== Material provided ==
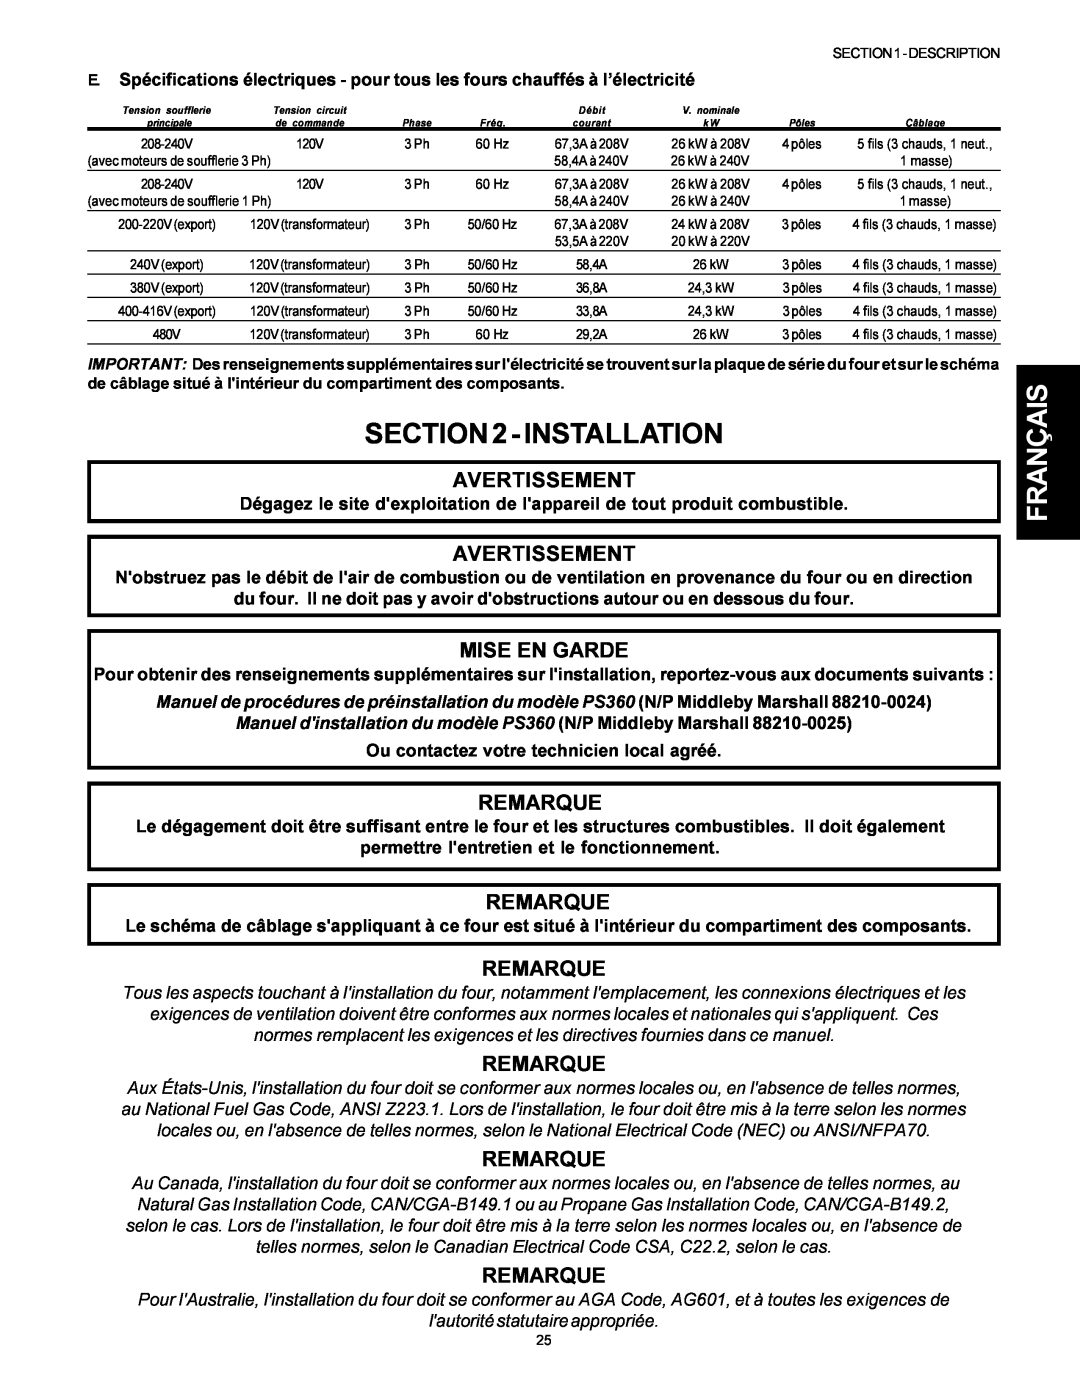 Middleby Marshall PS314SBI installation manual Installation, Français, Avertissement, Mise En Garde, Remarque 
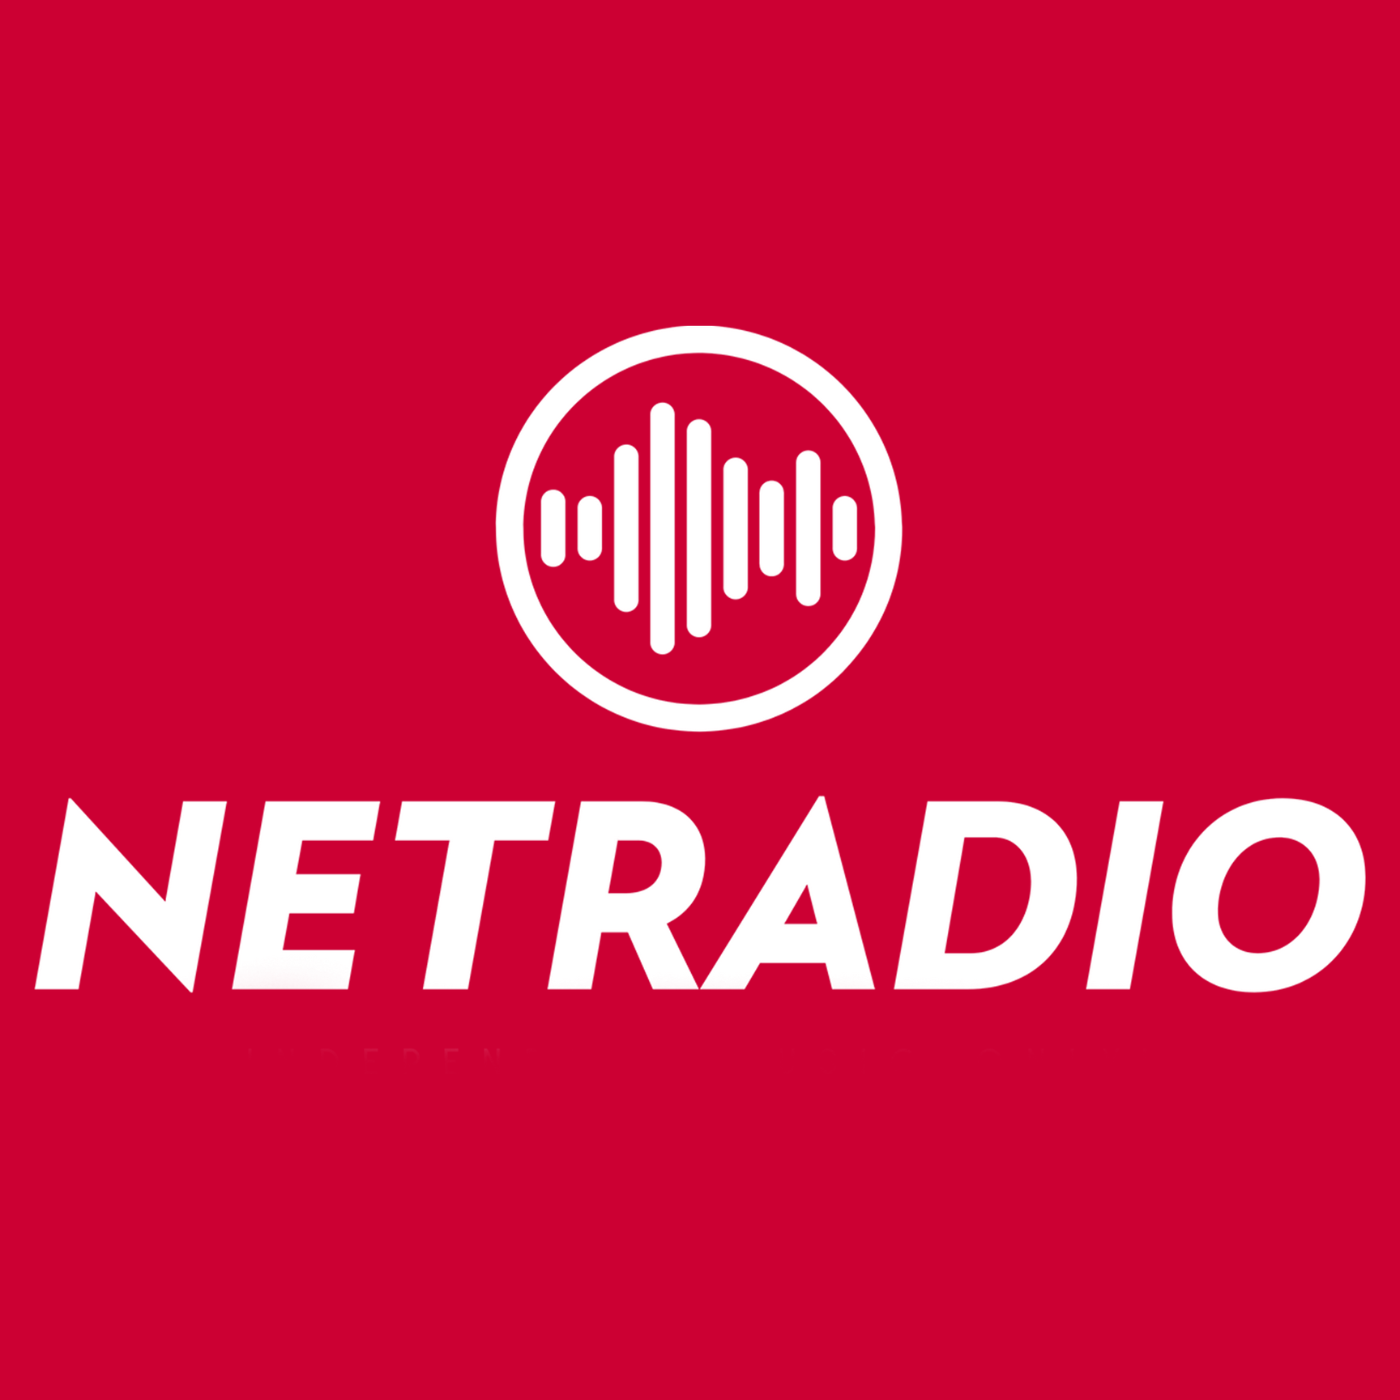 NETRADIO fête ses 25 ans et démarre en DAB+ à Genève/ Annemasse et Neuchâtel
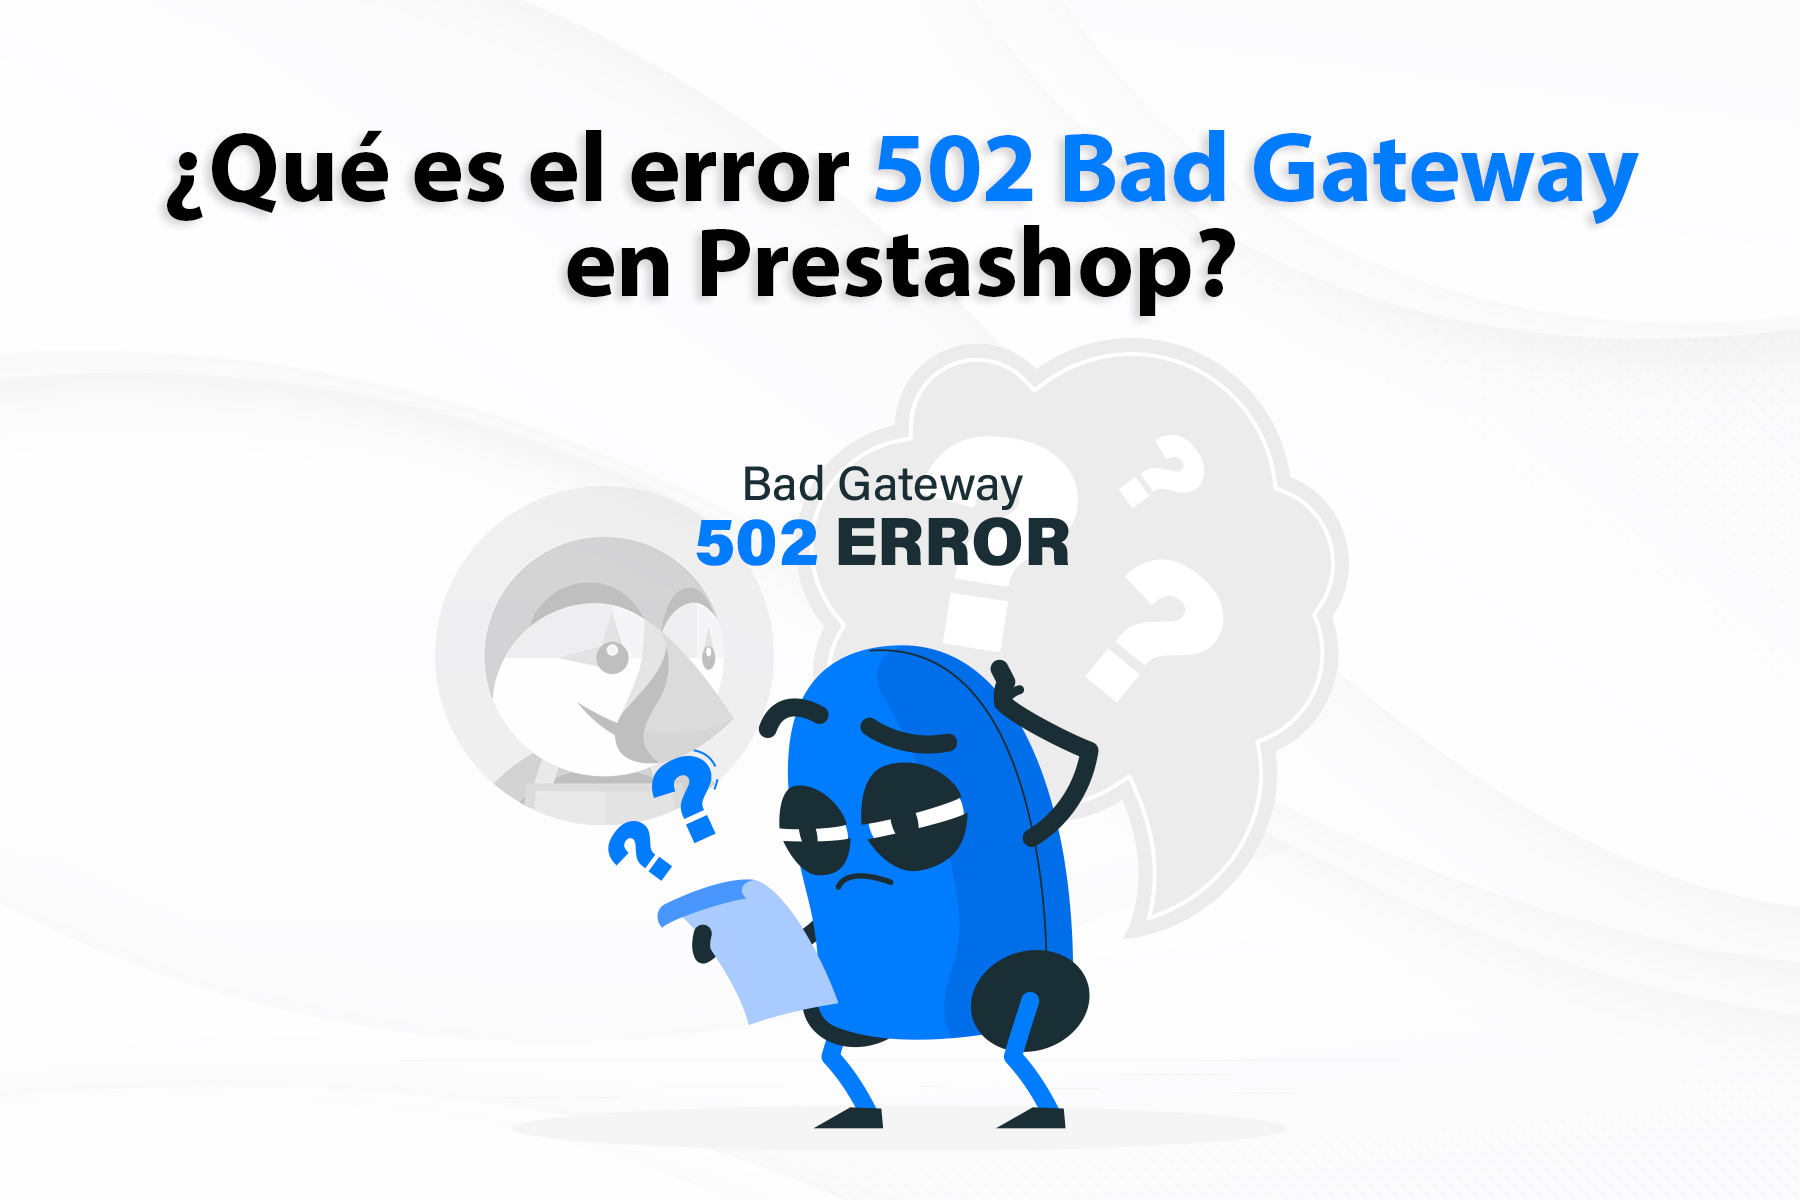 Error 502 Bad Gateway en Prestashop
===
▸ Exercise details:
Every line of the listing above is to be set down verbatim, without the pictures.

▸ Output for this exercise:
 Middleby Marshall PS314SBI installation manual Installation, Français, Avertissement, Mise En Garde, Remarque 
 NETRADIO fête ses 25 ans et démarre en DAB+ à Genève/ Annemasse et Neuchâtel
 Error 502 Bad Gateway en Prestashop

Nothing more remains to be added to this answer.